Shut down any processes running on the production site. These include the Oracle Fusion Middleware instances, and any other processes in the application tier and in the web tier.
Stop the replication between the production site shared storage and the secondary site shared storage. If you are using shared storage replication, pause the replications. If you have scheduled jobs with rsync to update configuration on a regular basis, ensure to either stop the jobs or schedule the replication windows so that they do not interfere with the planned switchover.
When using storage replication, unmount the shared storage volume with the middle-tier artifacts on the current production site and mount the corresponding volumes on the current secondary site which is the new production site.
Use Oracle Data Guard to switchover the databases.
On the secondary site host, manually start all the processes. These include the Oracle Fusion Middleware instances, and any other processes in the application tier and the web tier.
Ensure that all user requests are routed to the secondary site by performing a global DNS push or something similar such as updating the global load balancer. See the Wide Area DNS Operations section.
Use a browser client to perform post switchover testing to confirm that requests are being resolved and redirected to the secondary site.

At this point, the former secondary site is the new production site and the former production site is the new secondary site.
Reestablish the replication between the two sites but configure the replication so that the snapshot or rsync copies go in the opposite direction (from the current production site to the current secondary site). See the documentation for your shared storage to learn how to configure the replication so that snapshot copies are transferred in the opposite direction.

At this point, the former secondary site becomes the new production site, and you can perform maintenance at the original production site. After you have carried out the maintenance of the original production site, you can use it either as the production site or the secondary site.

To use the original production site as the production site, perform a switchback as explained in Performing a Switchback.

Performing a Switchback

A switchback operation reverts the roles of the current production and secondary sites.

To perform a switchback operation:

Shut down any processes running on the current production site. These include the Oracle Fusion Middleware instances, and any other processes in the application tier and the web tier.
Stop the replication between the production site shared storage and the secondary site shared storage. If you are using shared storage replication, pause the replications. If you have scheduled jobs with rsync to update configuration on a regular basis, ensure to either stop the jobs or schedule the replication windows so that they do not interfere with the planned switchback.
When using storage replication, unmount the shared storage volume with the middle-tier artifacts on the current production site and mount the corresponding volumes on the current secondary site which is the new production site.
Use Oracle Data Guard to switchback the databases.
On the new production site hosts, manually start all the processes. These include Oracle Fusion Middleware instances and any other processes in the application tier and the web tier.
Ensure that all user requests are routed to the secondary site by performing a global DNS push or something similar, such as updating the global load balancer. See Wide Area DNS Operations section.
Use a browser client to perform post switchback testing to confirm that requests are being resolved and redirected to the new production site.
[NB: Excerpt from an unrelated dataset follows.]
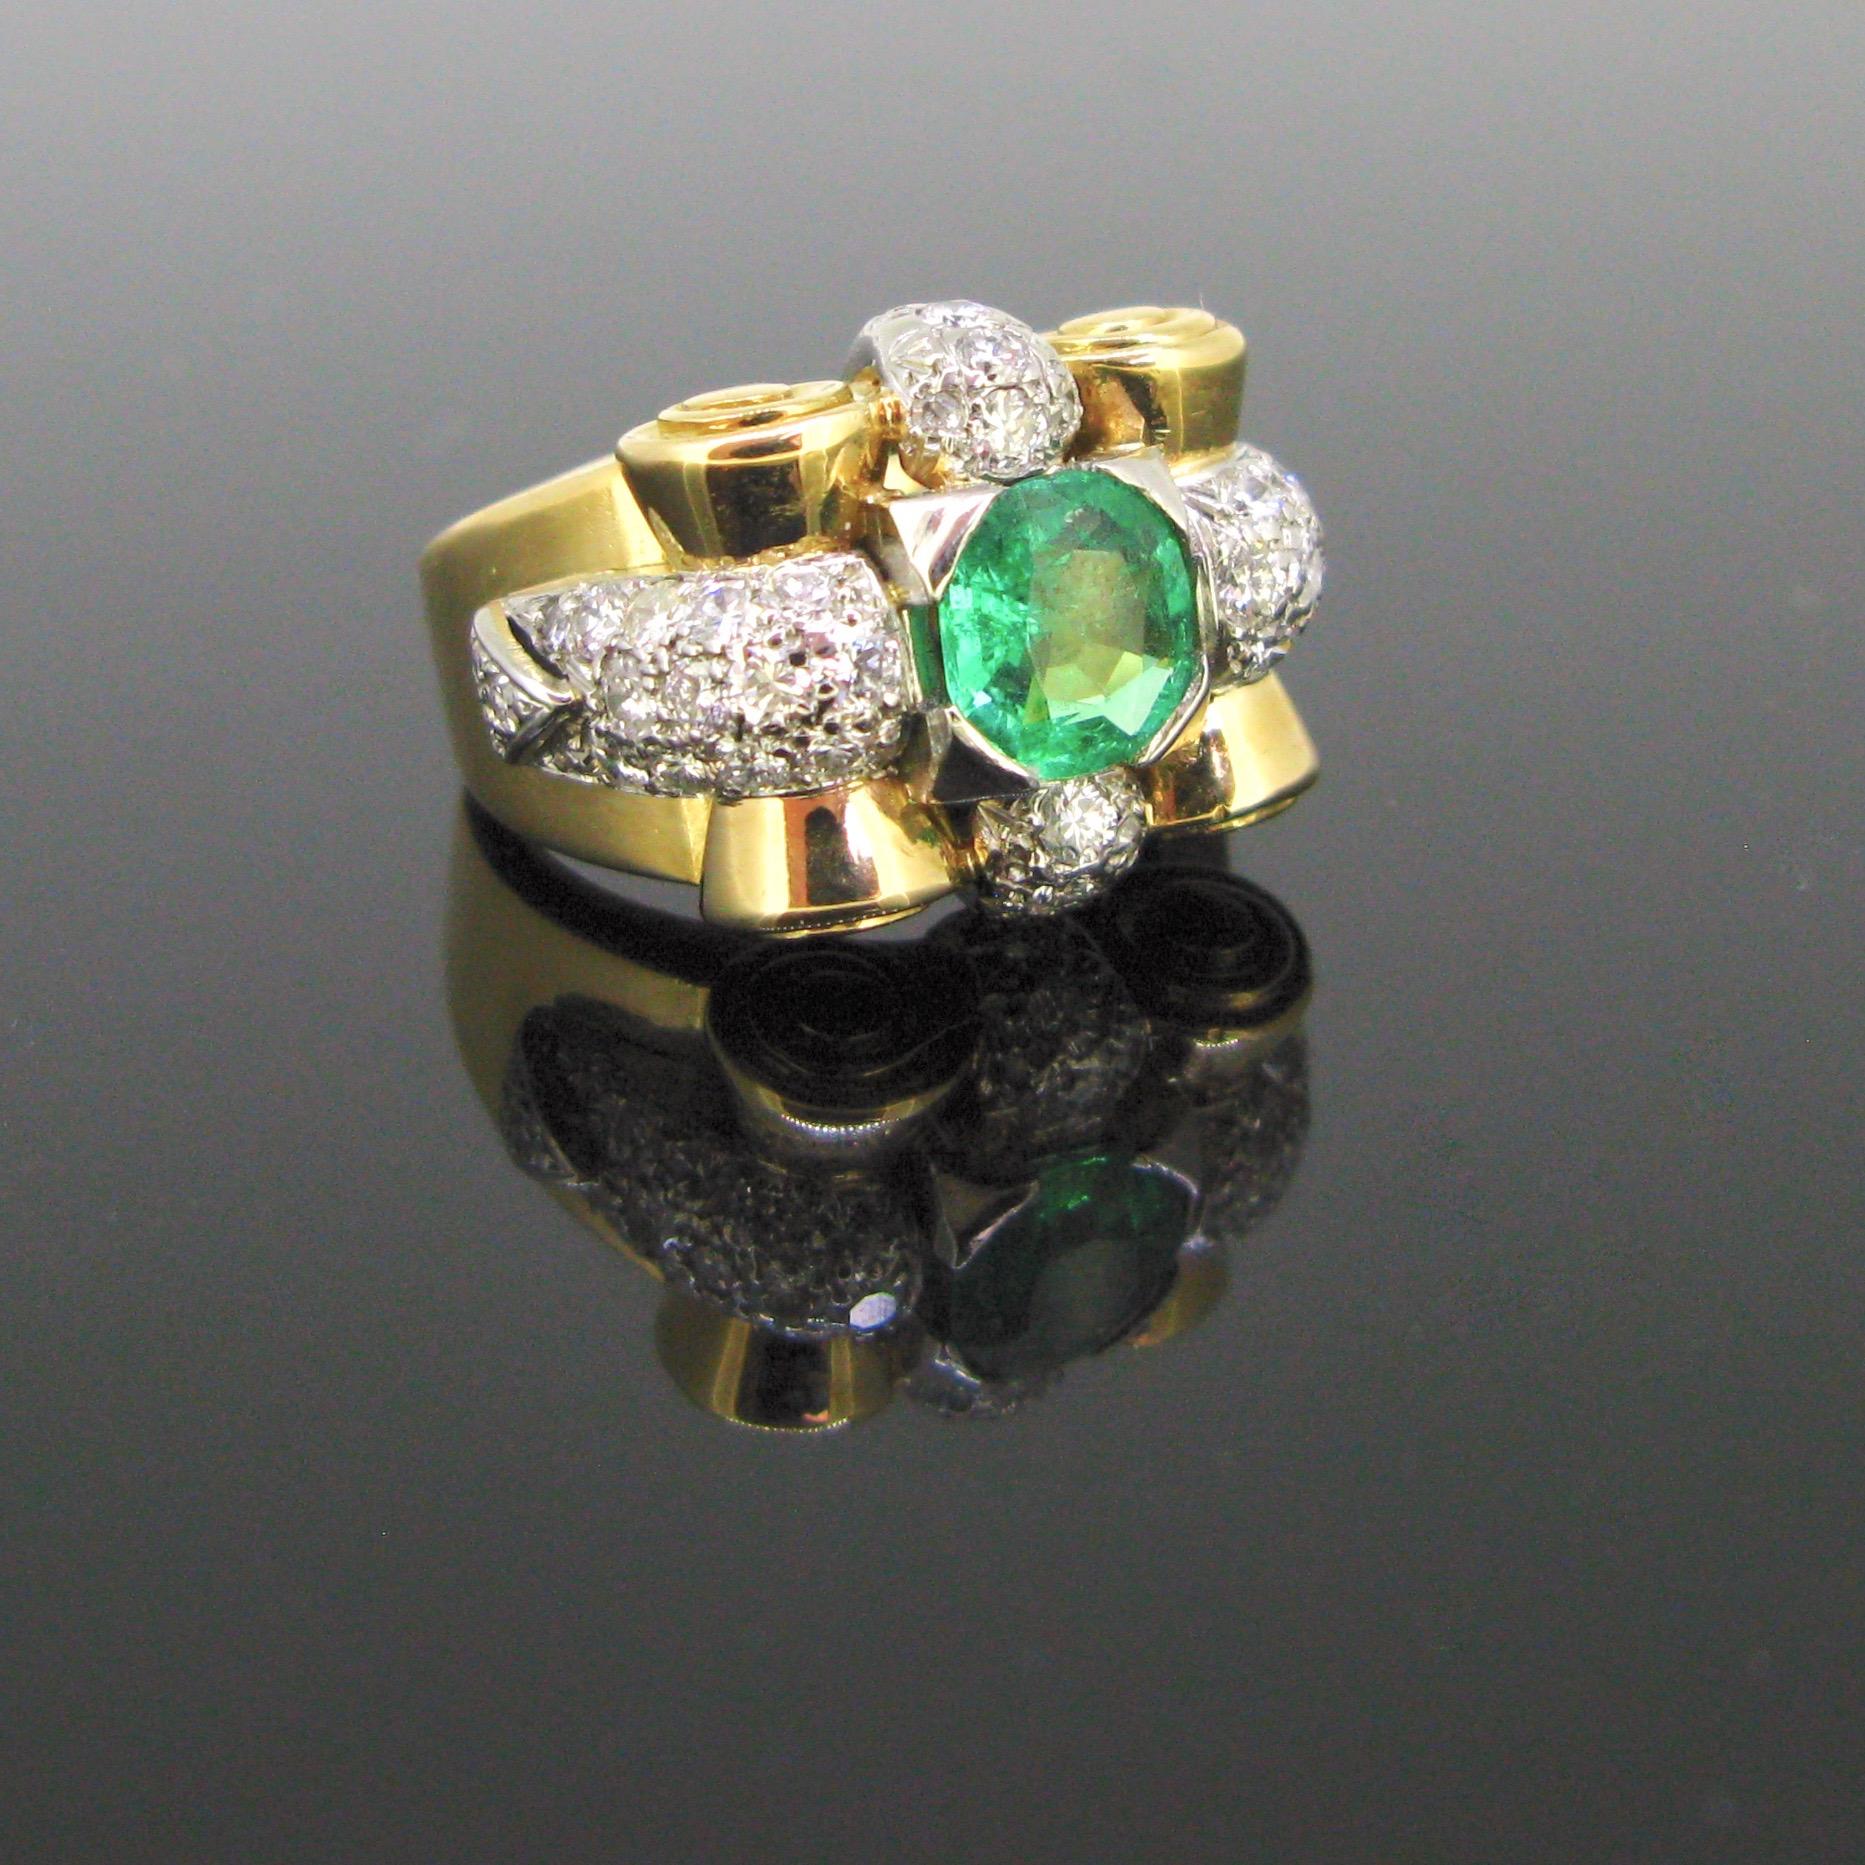 This ring has a beautiful geometric and bold design, characteristic of the Retro period. It is set with a vibrant green emerald from Colombia weighing around 1.10ct. The ring is adorned with brilliant and single cut diamonds, set on platinum. It has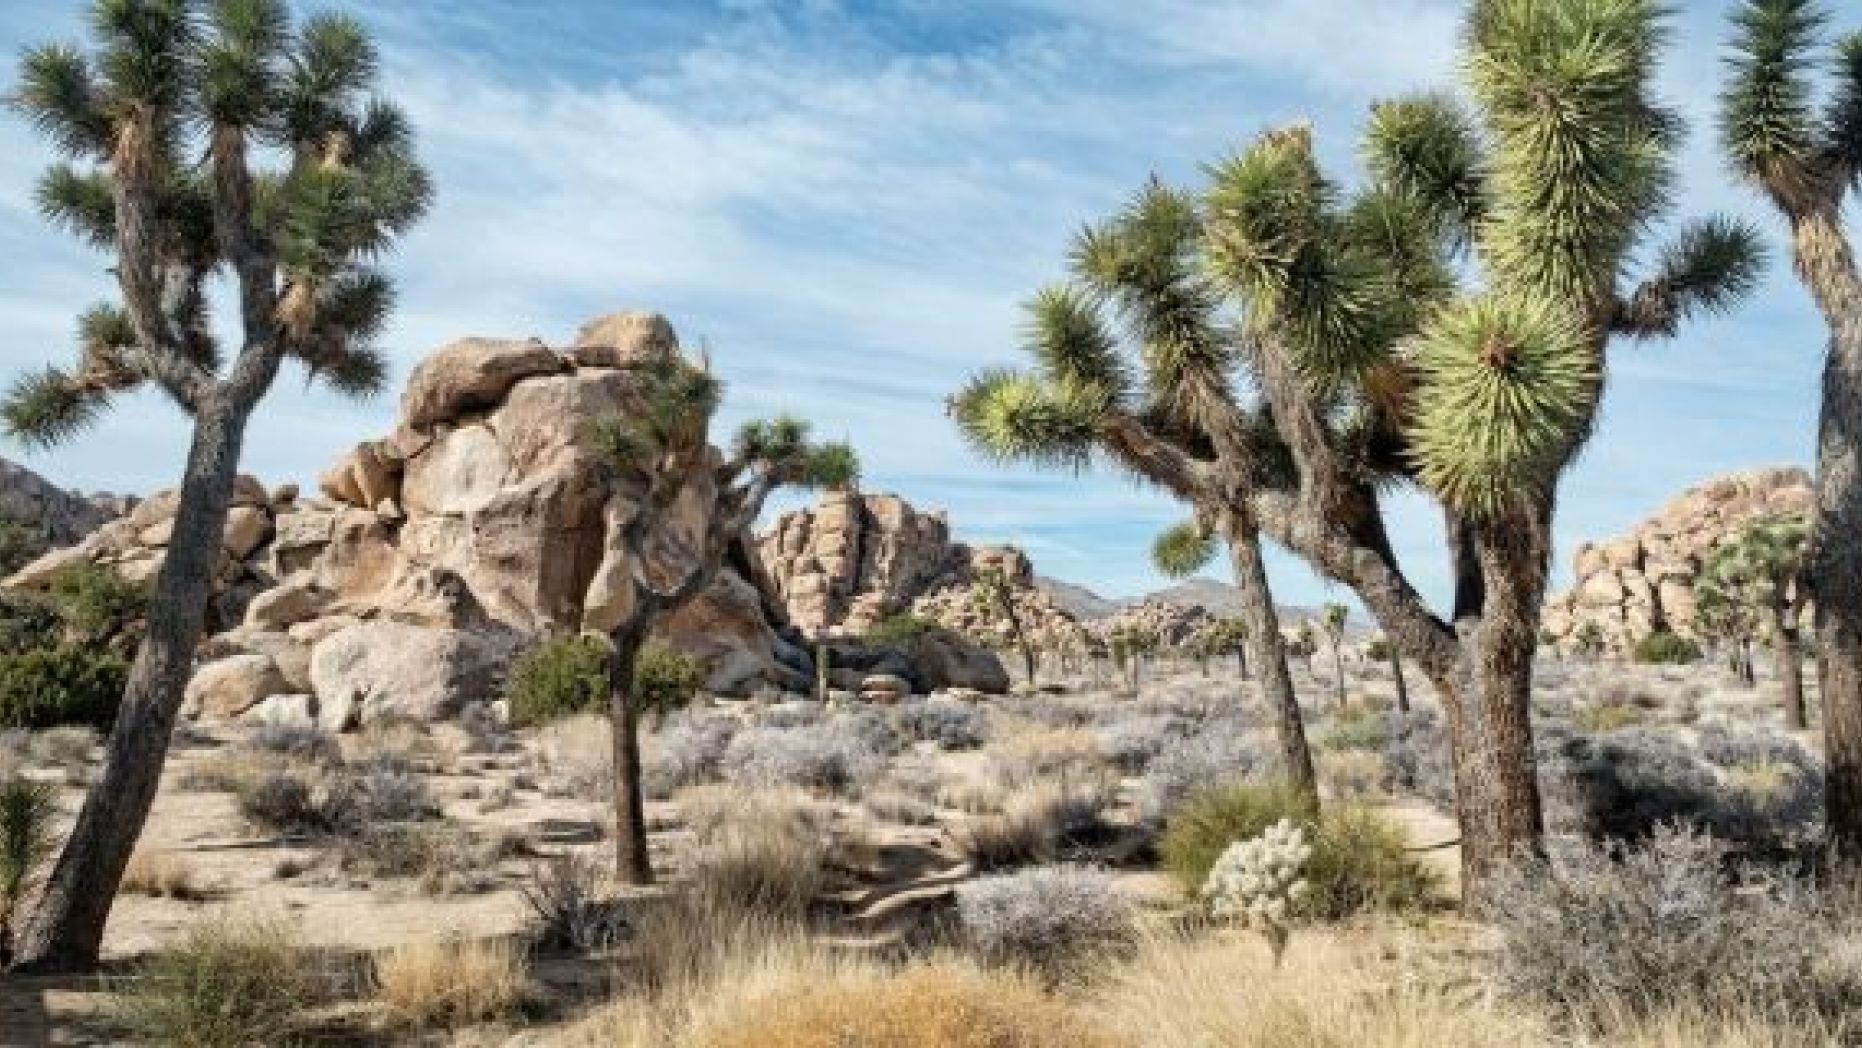 Picture of Joshua Tree National Park in California.  Michaellob Ultra sends one brand new beer to at least six national parks, including the Joshua Tree "Chief Research Officer." (IStack)

At this point, the former secondary site is the new production site and the former production site is the new secondary site.
Reestablish the replication between the two sites, but configure the replication so that the snapshot copies go in the opposite direction (from the new production site to the new secondary site). See the documentation for your shared storage to learn how to configure the replication so that snapshot copies are transferred in the opposite direction.

Performing a Failover

A failover operation sets the secondary site as the production role when the production site becomes unavailable. This is an unplanned operation where the primary site may no longer be accessible hence servers and storage in the primary cannot be managed and changes are only possible through the secondary operations.

To perform a failover operation:

Stop the replication between the production site shared storage and the secondary site shared storage (your shared storage should have a control module also in the secondary site).
When using shared storage replication, mount the shared storage volume with the middle-tier artifacts on the current secondary site which is the new production site.
From the secondary site, use Oracle Data Guard broker (dgrmgrl) to fail over the databases.
On the secondary site hosts, manually start all the processes. These include the Oracle Fusion Middleware instances and any other processes in the application tier and the web tier.
Ensure that all user requests are routed to the secondary site by performing a global DNS push or something similar such as updating the global load balancer. See Wide Area DNS Operations section.
Use a browser client to perform post failover testing to confirm that requests are being resolved and redirected to the production site.

At this point, the secondary site is the new production site. You can examine the issues that caused the former production site to become unavailable.
Once the primary site is accessible, you can use the original production site as the new secondary site. You must reestablish the replication between the two sites but configure the replication so that the snapshot copies go in the opposite direction (from the current production site to the current secondary site). See the documentation for your shared storage system to learn how to configure the replication so that snapshot copies are transferred in the opposite direction.
Depending on the type and duration of the outage in the primary, you may need to reinstate and reconfigure Oracle Data Guard with the database in the original primary system. For more information about different failover situations and how to reinstate a failed primary, see Oracle Data Guard documentation and How To Reinstate Failed Primary Database into Physical Standby (Doc ID 738642.1).

To again use the original production site as the production site, perform a switchback as explained in Performing a Switchback.

Wide Area DNS Operations

When a site switchover or failover is performed, client requests must be redirected transparently to the new site that is now playing the primary role.

To accomplish this redirection, use either a global load balancer or manually changing DNS names.

Using a Global Load Balancer

A global load balancer deployed in front of the production and secondary sites provides fault detection services and performance-based routing redirection for the two sites.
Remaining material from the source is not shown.